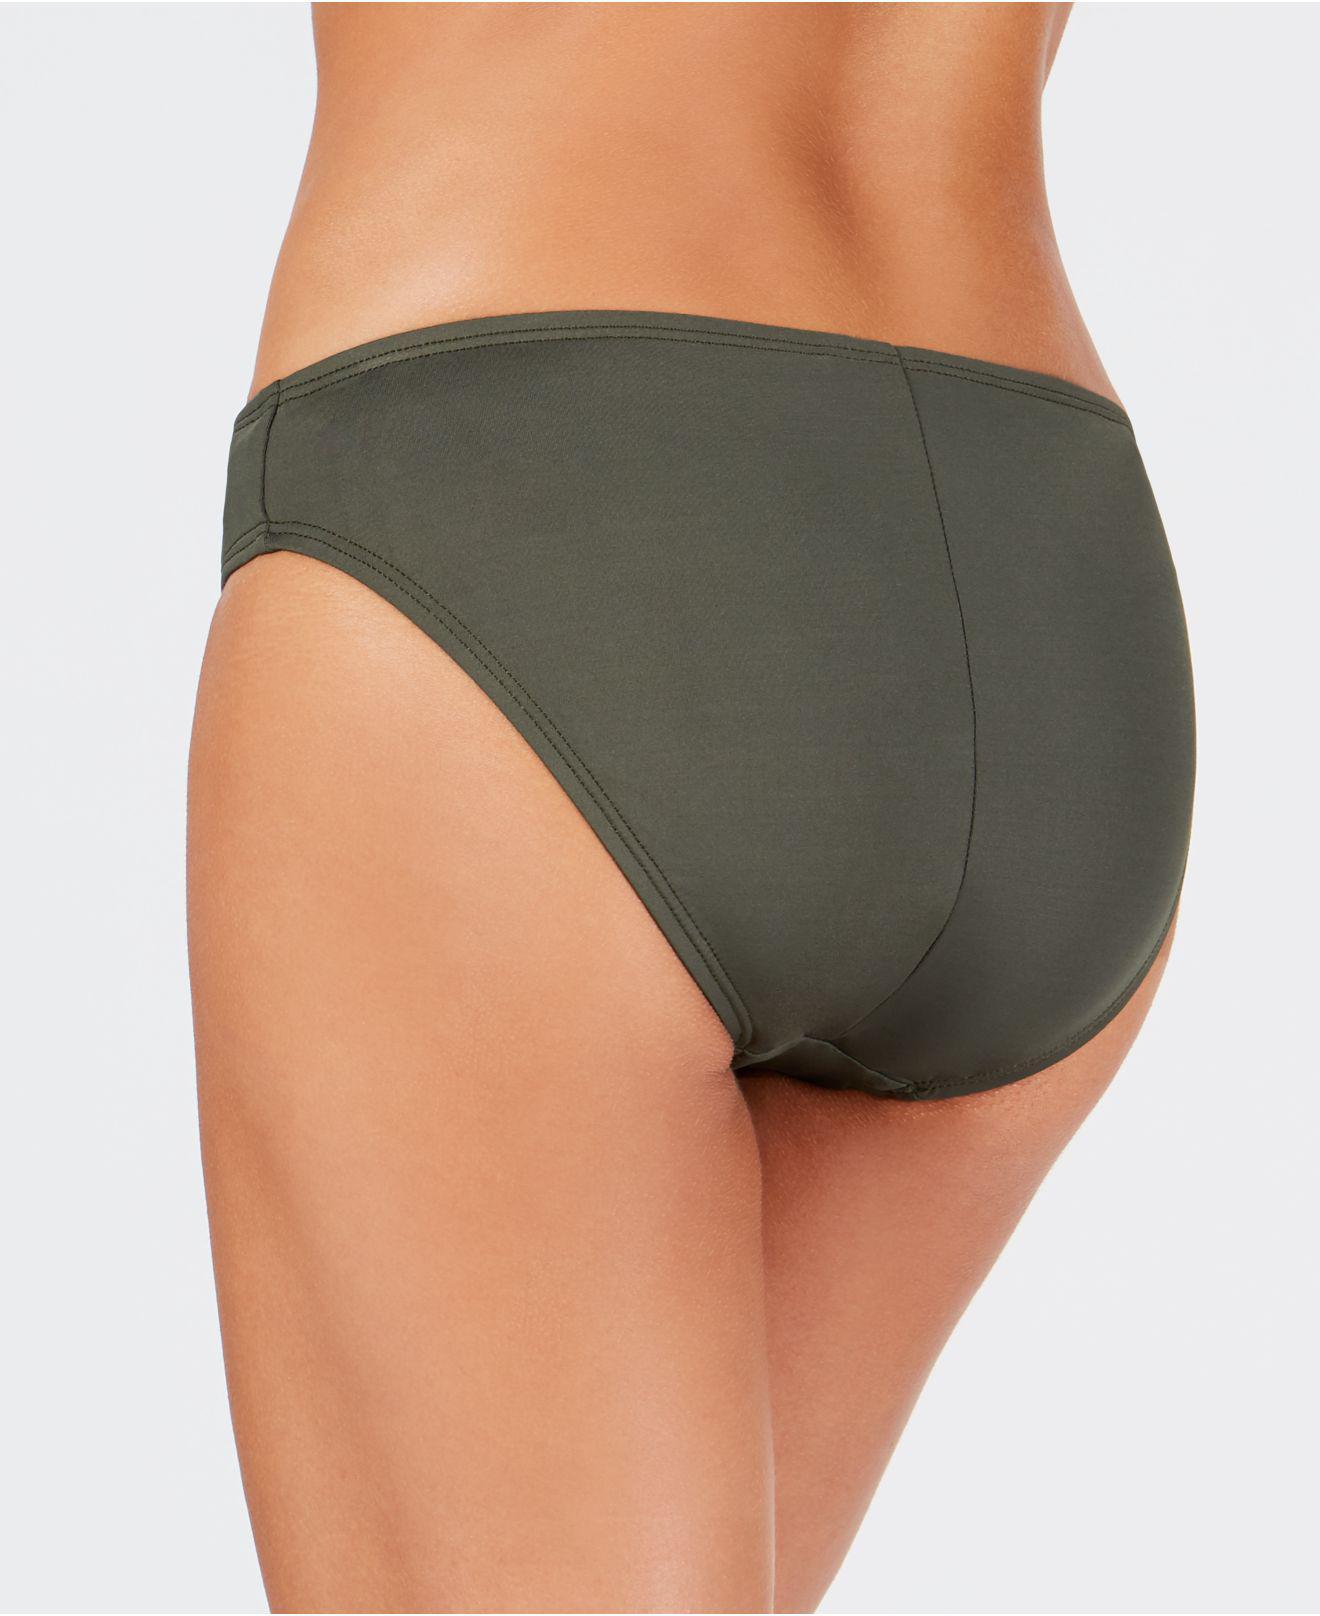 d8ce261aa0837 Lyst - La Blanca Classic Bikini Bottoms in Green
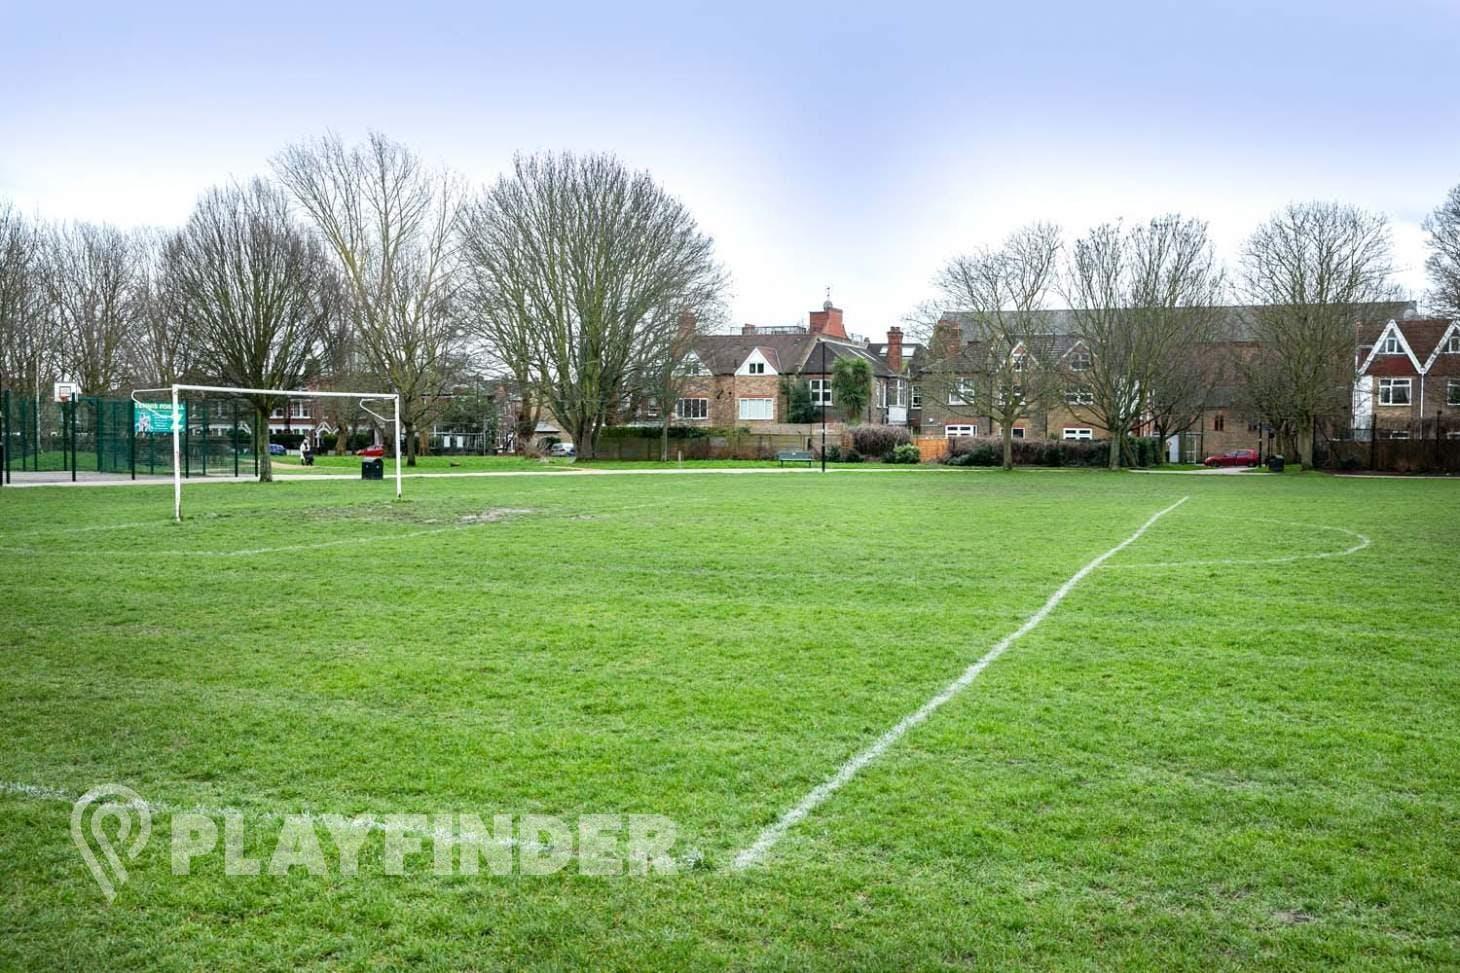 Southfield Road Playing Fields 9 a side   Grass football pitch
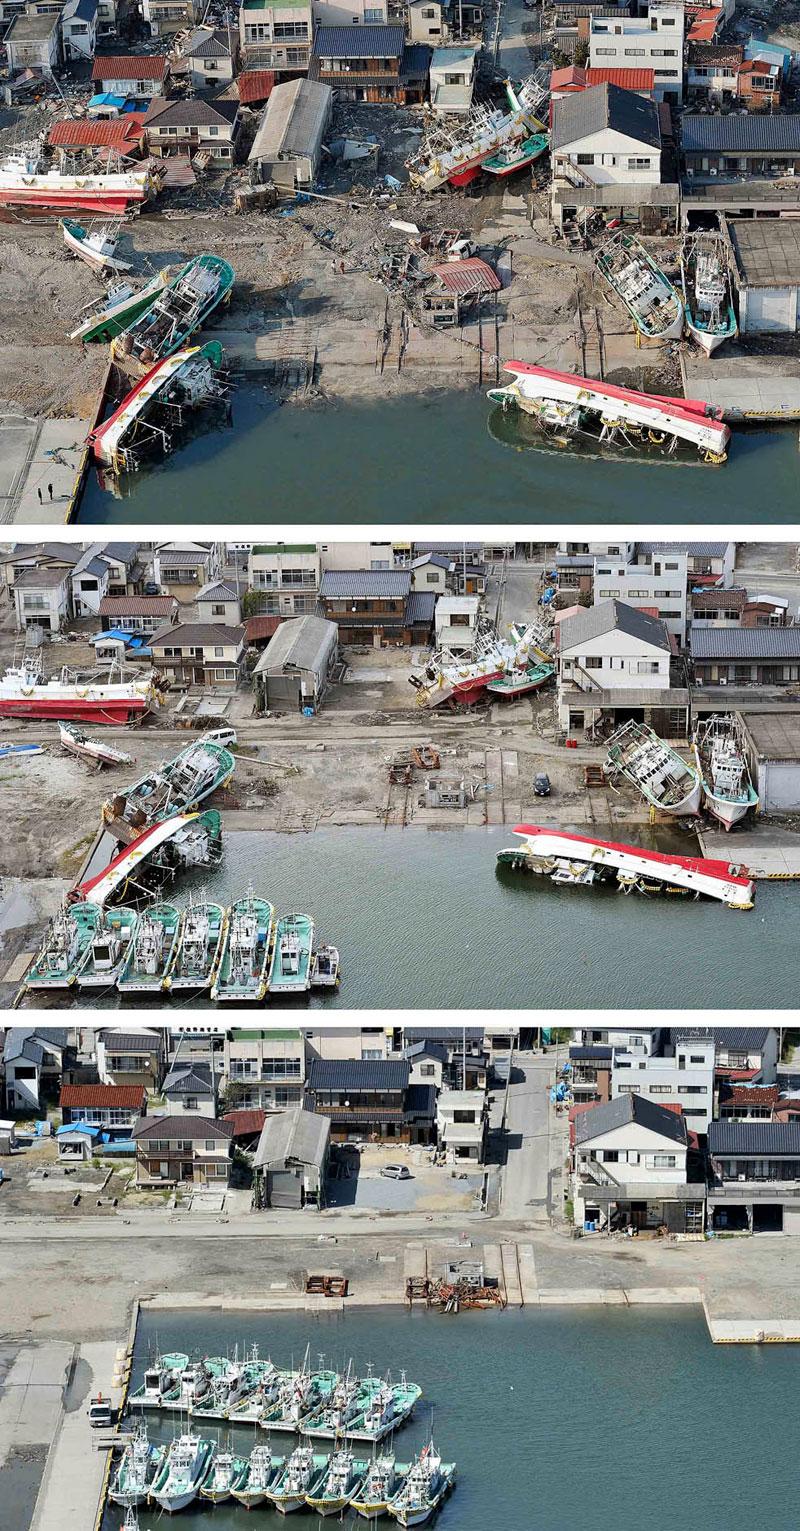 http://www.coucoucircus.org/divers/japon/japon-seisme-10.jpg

◆ **Exercise directions**: Starting at the line that contains "Southfield Road Playing" and ending with the last line of the data, transcribe every line exactly; skip the pictures.

◆ **Answer to this task**:
 Southfield Road Playing Fields 9 a side   Grass football pitch
 http://www.coucoucircus.org/divers/japon/japon-seisme-10.jpg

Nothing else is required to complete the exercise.